The survey also examined apprehensions about anywhere working. Most respondents (62 percent) said their main worry was that their colleagues might think they were not working as hard away from the office.

Also, the data shows that older workers are particularly concerned that anywhere working might mean working longer hours and the report notes that fear of being in an “always-on” culture can be a big deterrent for this group.



The report concludes that anywhere working can work and increase productivity, but employers need to learn to trust their workers and workers need to learn to trust themselves.

A key step in this process is to shift from a culture that measures and values performance by hours of work to one that values output and results.

Technology is the key

When asked how their employers could improve trust among workers and secure better attitudes to anywhere working, the respondents suggested that companies equip their employees with communications technology that allows colleagues to connect easily with each other and work as teams. 91 percent of respondents said technology is a key factor in this.
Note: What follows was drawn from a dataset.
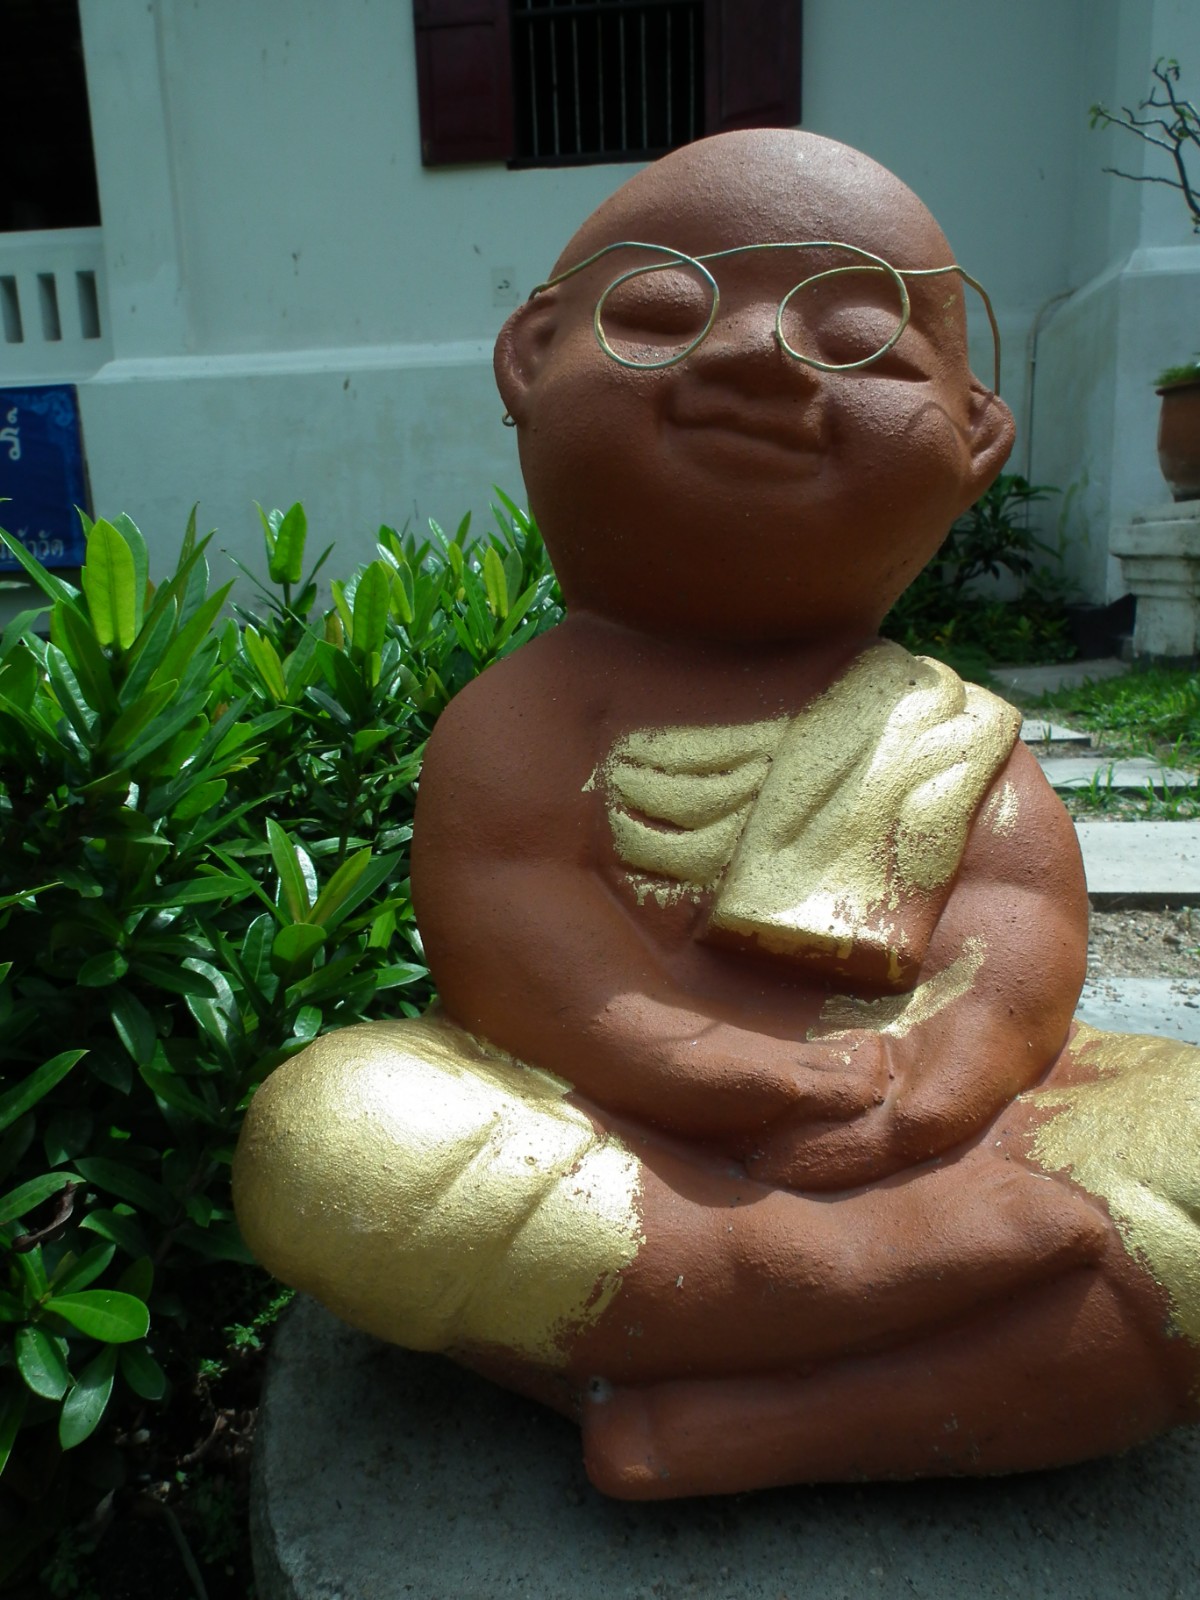 Buddist monk statue, Statue | Buddist | Monk | Garden | Travel | Religious | Stone | Smile | Thailand

They also said companies should issue clear guidelines about anywhere working and apply policies equally to all workers at all levels, regardless of seniority.

The survey – conducted by Morar Consulting – collected data from workers in Australia, Brazil, Canada, China, France, Germany, India, Japan, Russia, Singapore, the United Kingdom, and the United States. 55 percent of respondents were at management level or above, 58 percent had care responsibilities, and 68 percent were parents.